A journalist weighs in on Nvidia potential
Reitzes isn't the only one making the Apple (AAPL) comparisons. Forbes contributor Tim Bajarin wrote in a Nov. 12 article that Huang shares many of the qualities of Apple's co-founder, Steve Jobs.
"To be clear, there will be only one Steve Jobs," he wrote. "Nobody can come close to his genius and visionary success."
"However, Jensen Huang ... has the same caliber of vision and energy to drive Nvidia to be like Apple, a multitrillion-dollar company that is leading the charge in the world of high-performance computing and AI servers."
Bajarin said that even though Huang sounded like a broken record to some analysts, "the more we looked into his vision, we could see he was on to something big, even if we did not know what that would be."
"This connection I am making is a result of knowing each of them, hearing their visions, and seeing those visions become a reality," he said. "It is not much of a stretch to suggest that, at least up to now, Jensen Huang is as close as we will get in tech to Steve Jobs."
Of course, like any other company in the top spot, Nvidia is facing competition.
Analyst sees another good NVDA quarter
E-commerce and entertainment giant Amazon (AMZN) is set to release its newest artificial-intelligence chips as the e-retail and tech giant seeks returns on its multibillion-dollar semiconductor investments and reduces its reliance on Nvidia, the Financial Times reported.
Executives at Amazon's cloud-computing division are spending a lot on custom chips, hoping to boost efficiency insides its data centers and bring down the costs of Amazon Web Services to customers, the publication reported.
Separately, AWS is reportedly in talks for a potential deal valued at roughly $475 million over five years to give IBM (IBM) access to Nvidia GPUs through its cloud service, Business Insider reported, citing an internal Amazon document.
Under such a deal, IBM would use AWS EC2 servers that come equipped with Nvidia's AI chips.

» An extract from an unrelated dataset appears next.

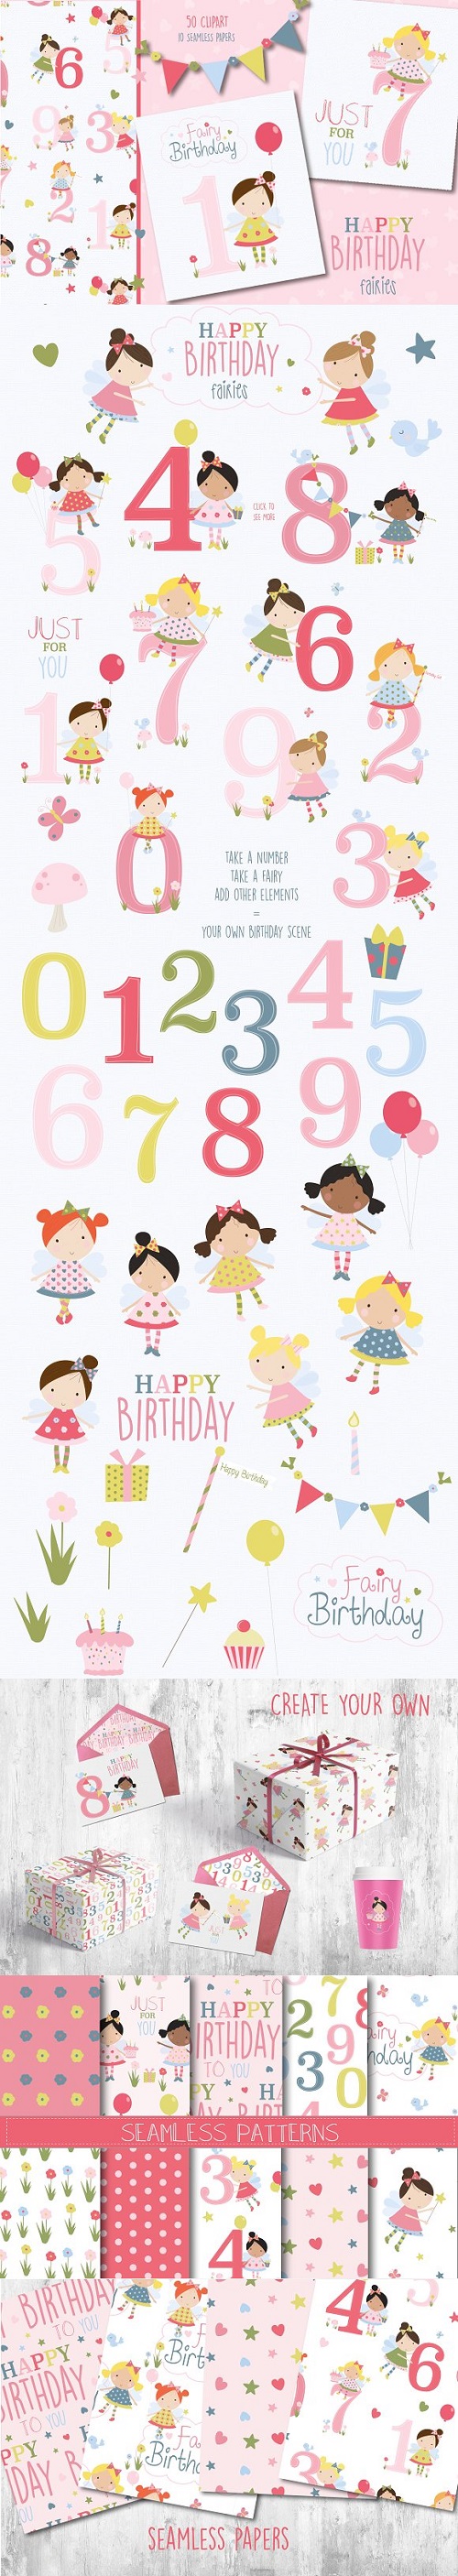 Happy birthday fairies 2209326

One person familiar with the document and the negotiations said the IBM deal was for AI training and the talks are ongoing.
Investment firms issued research reports ahead of Nvidia's quarterly results.
Morgan Stanley raised the firm's price target on Nvidia to $160 from $150 and maintained an overweight rating on the shares.
The investment firm expects "another very good quarter." But it says the bigger upward revisions happen later in the year as the current environment is supply-constrained for Nvidia's Blackwell chips, and also partly for H200, a graphics-processing unit designed for high-performance computing and generative AI workloads.
Piper Sandler analyst Harsh Kumar raised the firm's price target on Nvidia to $175 from $140 and reiterated an overweight rating on the shares.
The analyst also elevated Nvidia to its top large-cap pick given the company's "dominant positioning" in artificial-intelligence accelerators and the upcoming launch of the Blackwell architecture.
The total addressable market for AI accelerators will to rise in 2025 by $70 billion, and Nvidia is well positioned to capture most of the incremental market increase while ceding only a small bit to its merchant chip competitors, Kumar said.
Regarding Nvidia's third-quarter report, the analyst's bull case projects a beat of roughly $1.3 billion in revenue for the October quarter and a beat of around $1.5 billion in a "greatly supply-constrained" January quarter.
Management is likely to make comments about extremely strong demand for H200 as well as both Blackwell and the Grace Blackwell superchip, Kumar said.